How to Choose the Best Flood Insurance

When reviewing and comparing flood insurance providers, here are a few key factors to consider.

  • Coverage options: Check the details of what the policy covers, how it compensates losses, and the maximum coverage limits.
  • Flood insurance cost: Compare the premium costs and deductible options of several flood insurance providers. Many providers offer flood insurance cost calculators that can help.
  • Customer service: Customer service quality can vary. Look at the support channels, the hours of operation, the response times, and reviews from past customers. The National Association of Insurance Commissioners (NAIC) keeps records of customer complaints that can help you understand how a company fares in terms of customer satisfaction.
  • Waiting periods: A waiting period is the amount of time you have to wait until your policy’s coverage kicks in. The NFIP has a 30-day waiting period, but waiting periods with private insurers vary.
  • States served: All providers don’t serve all states. Be sure to check the service areas of each provider you’re considering.
  • Online services: Many insurers make it easy to get and manage coverage online. Check for features such as online estimates, learning resources, claim filing, and account management.
  • Eligible properties: Flood insurers may cover different property types.

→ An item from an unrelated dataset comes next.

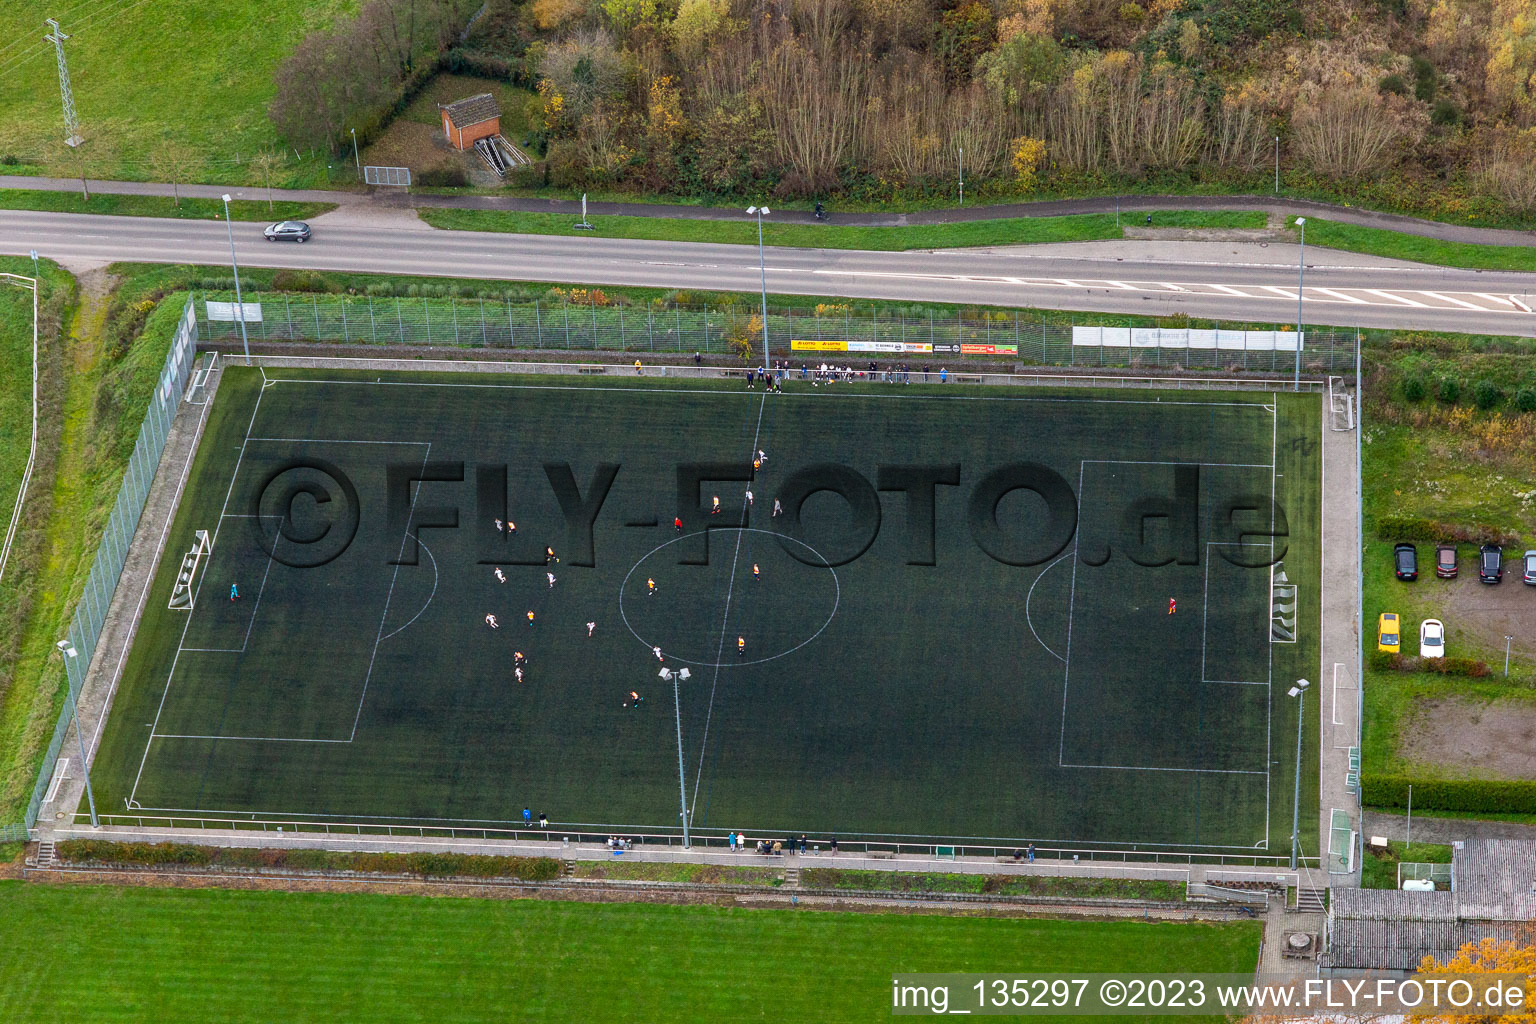 Artificial turf pitch in the district Minderslachen in Kandel in the state Rhineland-Palatinate, Germany

Check for exclusions, such as those based on location, flood history, or home type.

To find the best deal, shop around and compare at least three flood insurance quotes.

You may be able to save on your flood insurance premium by opting for a higher deductible, elevating your utilities, elevating your property, filling in your basement, installing flood openings, or providing an elevation certificate.

How Flood Insurance Works

Like most insurance policies, flood insurance requires the policyholder to pay a premium in exchange for a certain amount of coverage. Then, if your home, business building, or personal property is damaged due to a flood, you can file a claim, pay your deductible, and receive a settlement to help you recover.

The NFIP, managed by the Federal Emergency Management Agency (FEMA), has historically been the primary provider of flood insurance in the U.S.—delivering coverage to the public directly and through a network of over 50 insurance companies. However, NFIP’s share of the market has been on the decline while the share held by private insurers has been growing.

Why? For one, the Biggers-Water Act was amended in 2019, requiring lenders to accept non-NFIP flood insurance policies from private insurers. Additionally, FEMA implemented a new risk assessment method in 2021 (detailed below) which is causing rate increases on NFIP policies.

As a result, many private insurers are winning policyholders over with more flood coverage at lower prices. In 2021 alone, flood insurance premiums written by private insurers increased by over 40%, according to A.M. Best.

Projected Rate Increases

The NFIP began subjecting its flood insurance policies to a new rating methodology, Risk Rating 2.0, in October of 2021. According to FEMA, 96% of current policyholders will see either an immediate decrease or $20 or less per month increase in their premiums. On average, 23% of policyholders will see a decrease of $86 per month, while 66% will see increases up to $10 per month, 7% will see increases up to $20 per month, and 4% will see increases of more than $20 per month.

As a shopper, it may be worth looking beyond NFIP flood insurance policies to find the best deal.

Do I Need Flood Insurance?

If you live or run a business in an area prone to floods, flood insurance can help to protect you against expensive flood damage. Further, it may be required if you own a home or business in a high-risk flood area and have a mortgage.

Flood insurance can also be beneficial if you live in a lower-risk area. According to FEMA, those who live in areas with a low-to-moderate flood risk are still five times more likely to experience a flood than a fire over the next three decades.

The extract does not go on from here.